Cefixime trihydrate is a broad-spectrum, third-generation cephalosporin antibiotic with significant clinical importance in treating various bacterial infections. As an orally active semisynthetic cephalosporin, it has demonstrated efficacy against numerous gram-positive and gram-negative bacterial pathogens.
This comprehensive review examines the pharmaceutical properties, clinical applications, and safety profile of cefixime trihydrate, providing healthcare professionals with essential information for appropriate therapeutic decision-making.
Introduction
Cefixime is a broad-spectrum antibiotic belonging to the third-generation cephalosporin class. The trihydrate form represents the crystalline structure containing three water molecules per cefixime molecule, which contributes to its stability and bioavailability. First approved in the United States in 1986, cefixime has become an important antimicrobial agent in the treatment of various bacterial infections.
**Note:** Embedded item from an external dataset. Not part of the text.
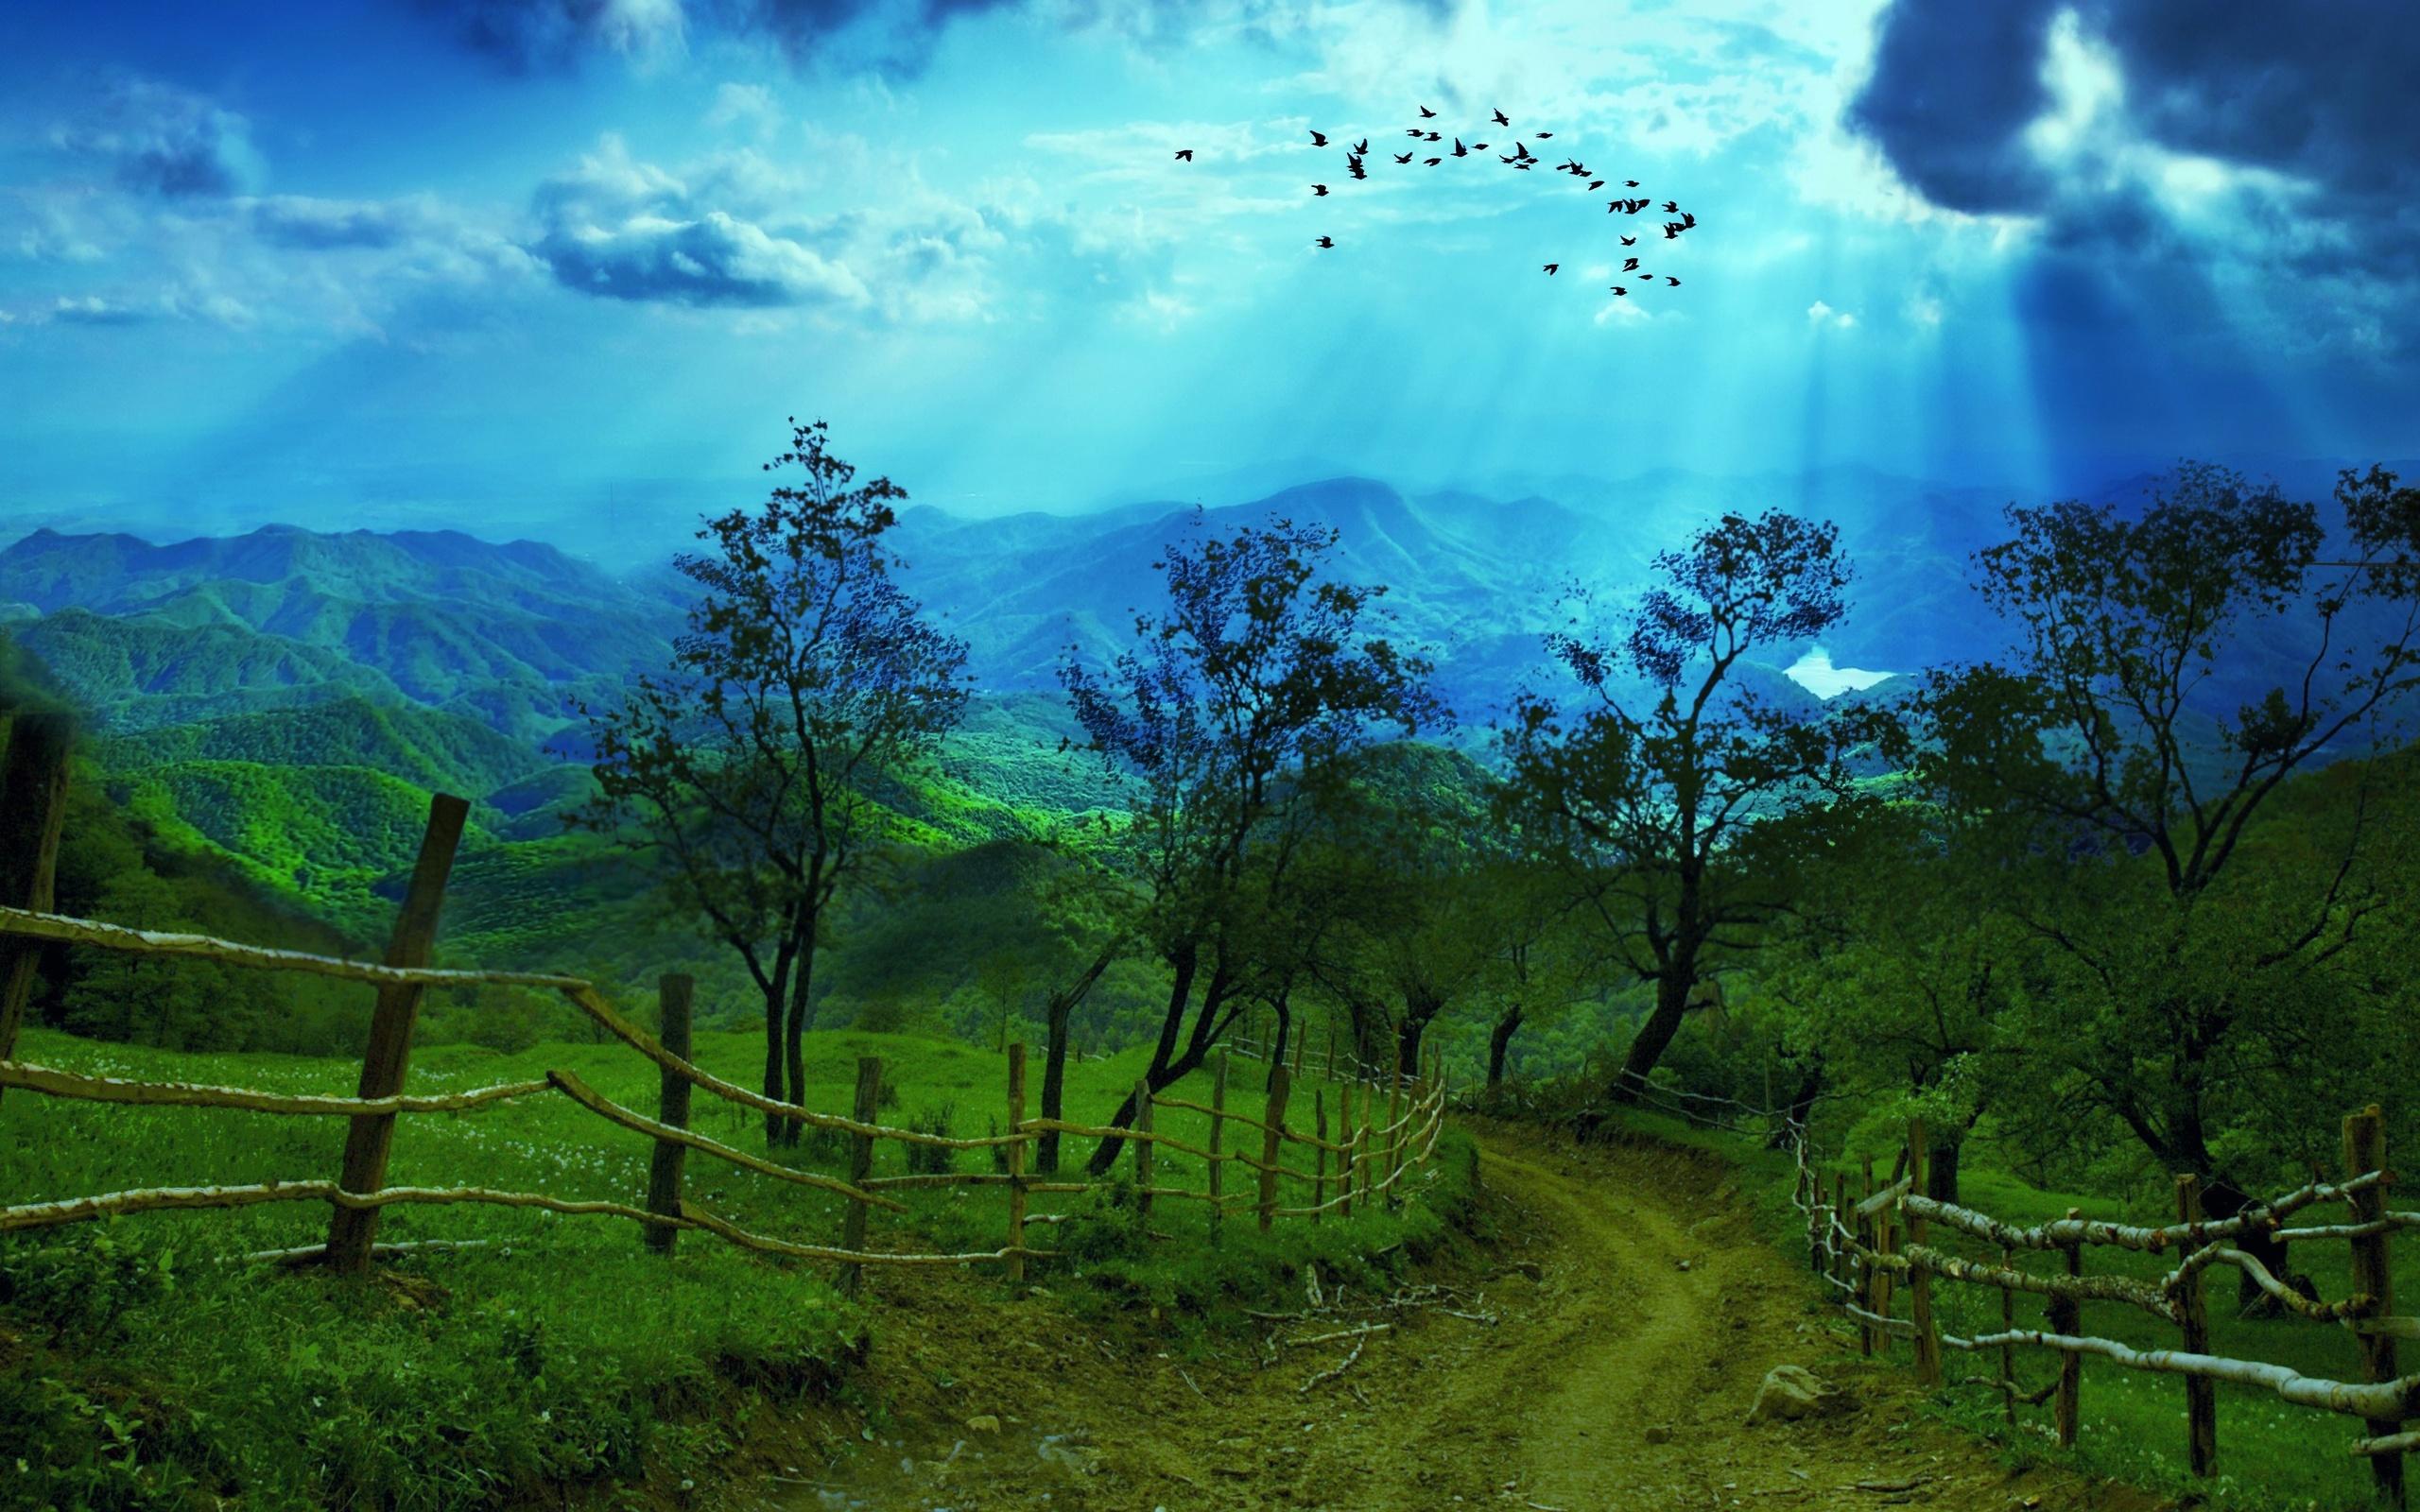 8K Ultra HD Nature Wallpaper - WallpaperSafari

As a beta-lactam antibiotic, cefixime works through inhibition of bacterial cell wall synthesis, a mechanism that has proven effective against many clinically significant pathogens. Compared to earlier generations of cephalosporins, third-generation agents like cefixime demonstrate enhanced activity against gram-negative organisms while maintaining efficacy against many gram-positive bacteria.
Chemical Structure
Cefixime trihydrate has the molecular formula C₁₆H₁₅N₅O₇S₂·3H₂O and a molecular weight of 507.50 g/mol. The IUPAC name for this compound is (6R,7R)-7-[(2Z)-2-(2-amino-1,3-thiazol-4-yl)-2-[(carboxymethoxy)imino]acetamido]-3-ethenyl-8-oxo-5-thia-1-azabicyclo[4.2.0]oct-2-ene-2-carboxylic acid trihydrate.
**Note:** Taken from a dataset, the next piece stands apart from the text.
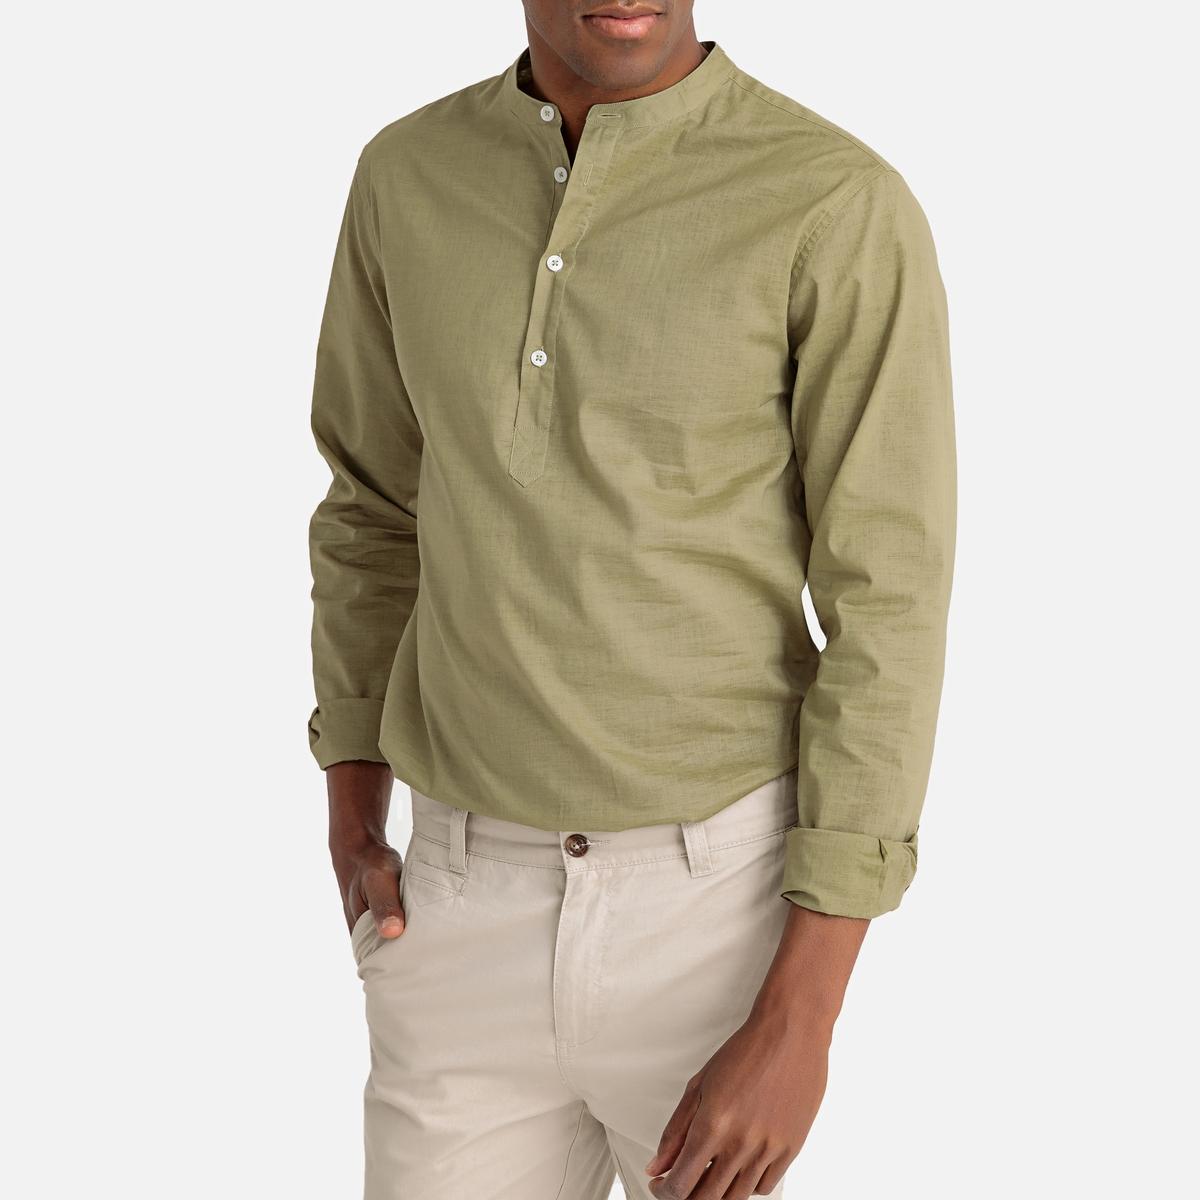 цена Рубашка La Redoute Прямого покроя с круглым вырезом с разрезом спереди и длинными рукавами 37/38 зеленый онлайн в 2017 году

The compound consists of a beta-lactam ring fused with a dihydrothiazine ring, forming the characteristic cephalosporin nucleus. The trihydrate structure indicates that three water molecules are incorporated into the crystalline structure of the drug. This chemical conformation contributes to its solubility profile and pharmaceutical stability.
The CAS registry number assigned to cefixime trihydrate is 125110-14-7, which uniquely identifies this specific salt form of the drug in chemical databases and regulatory documentation.
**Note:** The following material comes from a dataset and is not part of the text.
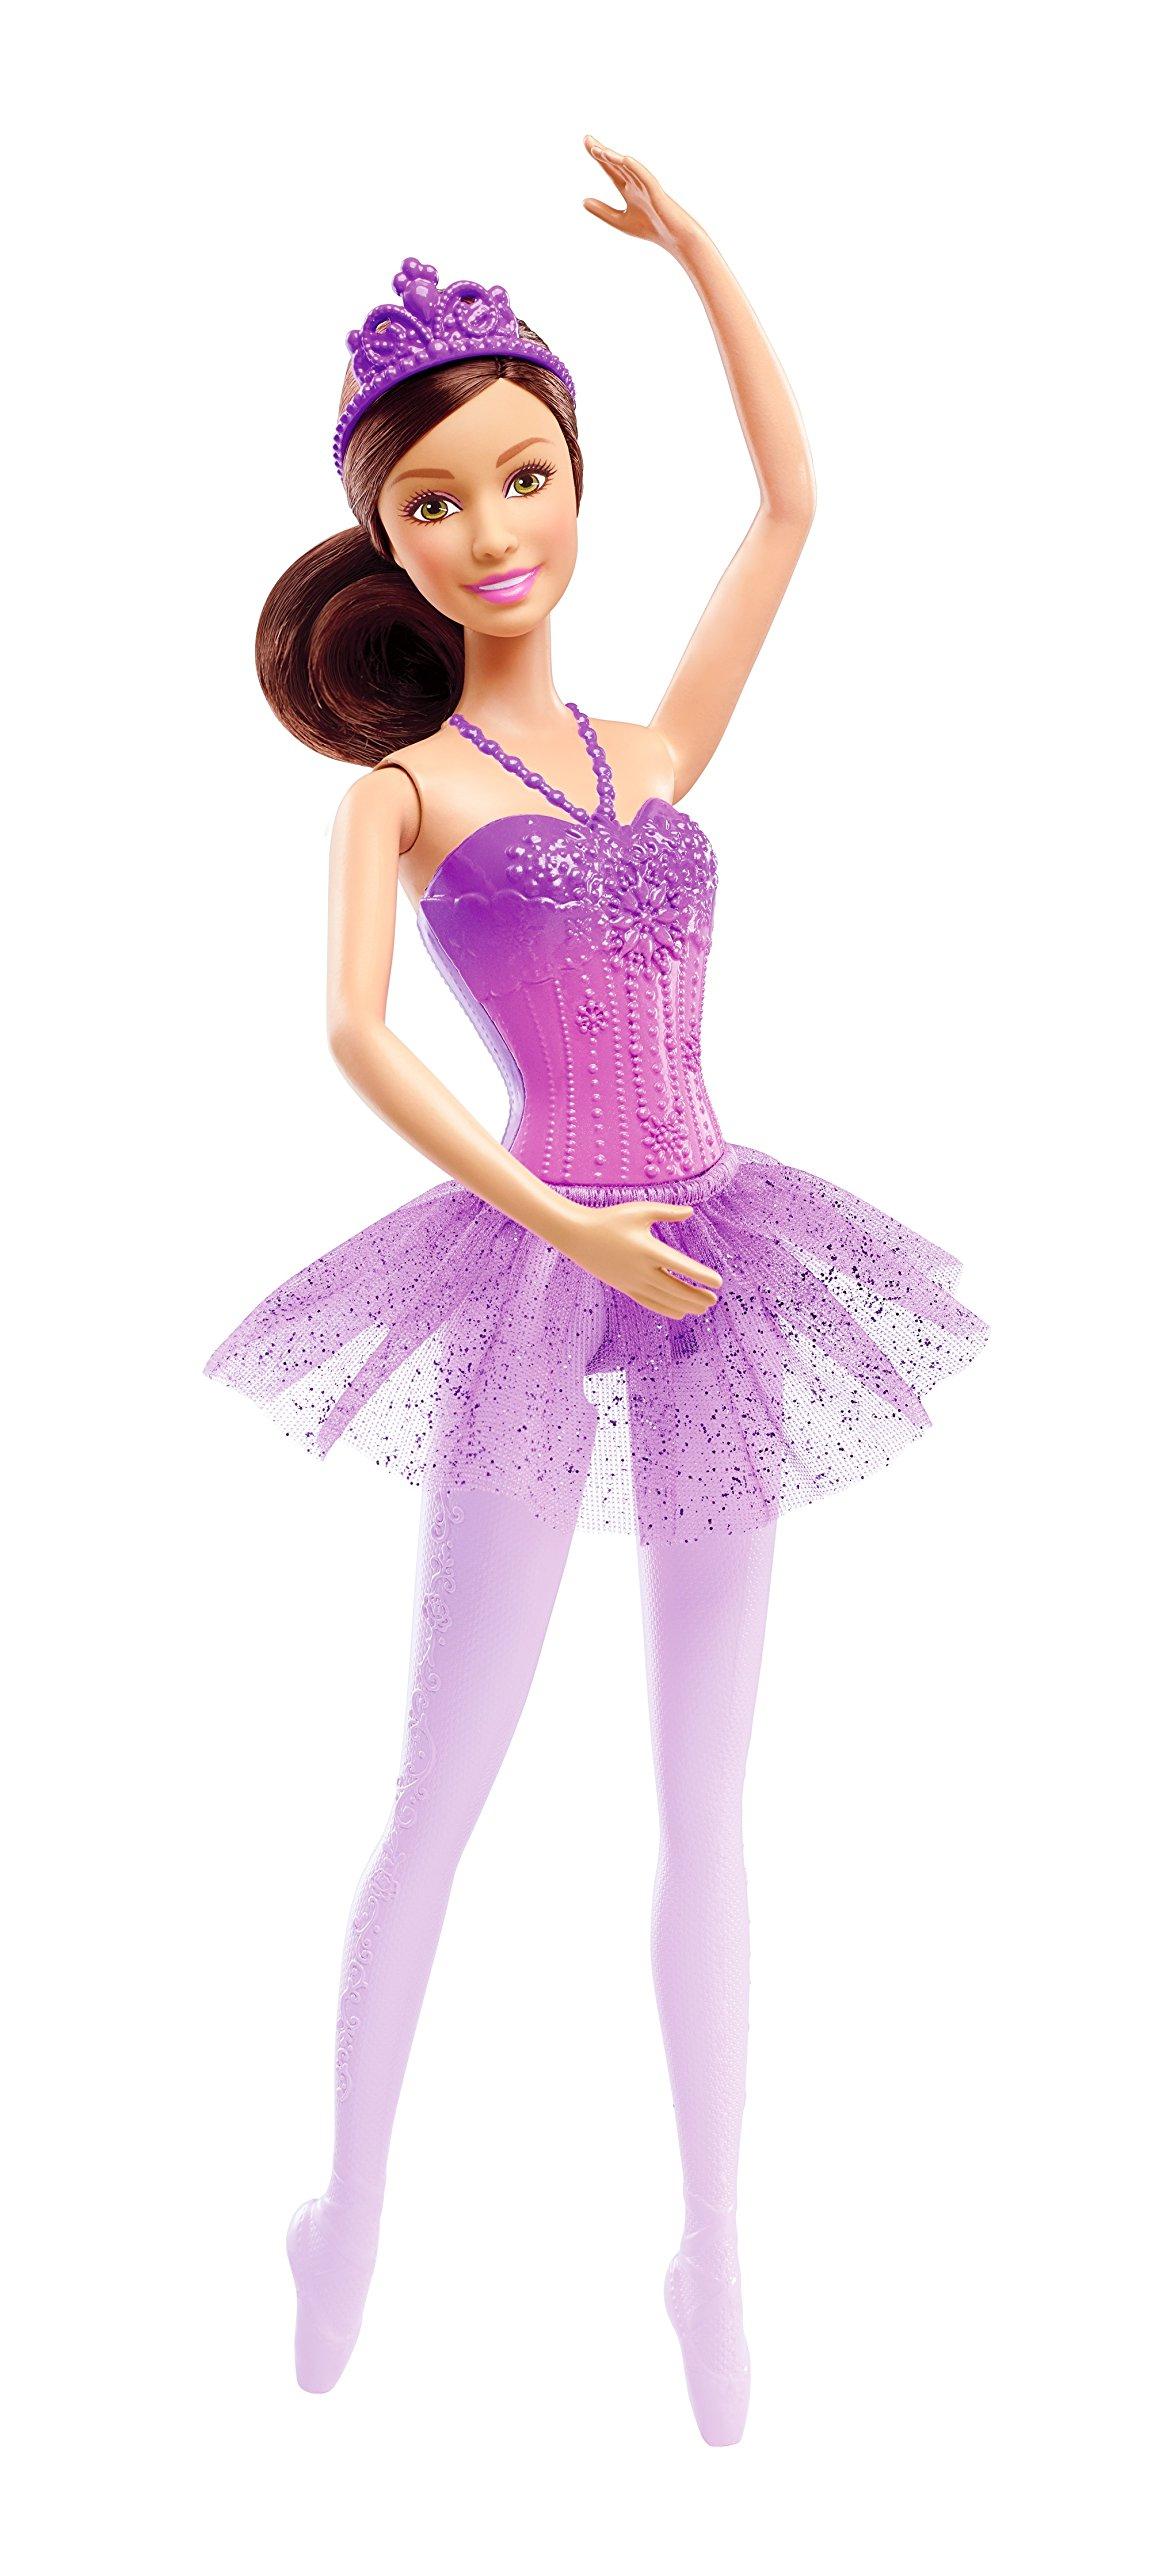 Barbie Fairytale Ballerina Doll, Purple - $4.94 at Amazon

Cefixime-Based Medicines List
Cefixime trihydrate is marketed under various brand names globally. Here are eight prominent commercial formulations:
- Suprax – The original brand name in the United States, available as capsules, tablets, chewable tablets, and oral suspension
- 3-C – Manufactured by Edruc Limited, available as capsules (200 mg, 400 mg) and powder for suspension (100 mg/5 ml)
- Afix – Produced by Aristopharma Ltd., offered as capsules, tablets, and powder for suspension in various strengths
- Afixime – Marketed by Asiatic Laboratories Ltd., available in multiple formulations
- Caricef – Manufactured by SAMI Pharmaceuticals, widely used in Pakistan and South Asia
- Cebosh – Produced by Bosch Pharmaceuticals, another regional formulation
- Cefiget – Marketed by Getz Pharma Pakistan, available in various dosage forms
- 3RD Cef – Produced by Medimet Pharmaceuticals Ltd., available as tablets and powder for suspension
Mechanism of Action
Cefixime trihydrate exerts its antibacterial effects through interference with bacterial cell wall synthesis. Bacteria possess a cell wall comprising a glycopeptide polymer known as peptidoglycan, which provides structural integrity and protection against osmotic lysis. This cell wall is synthesized and remodeled through the action of enzymes called penicillin-binding proteins (PBPs).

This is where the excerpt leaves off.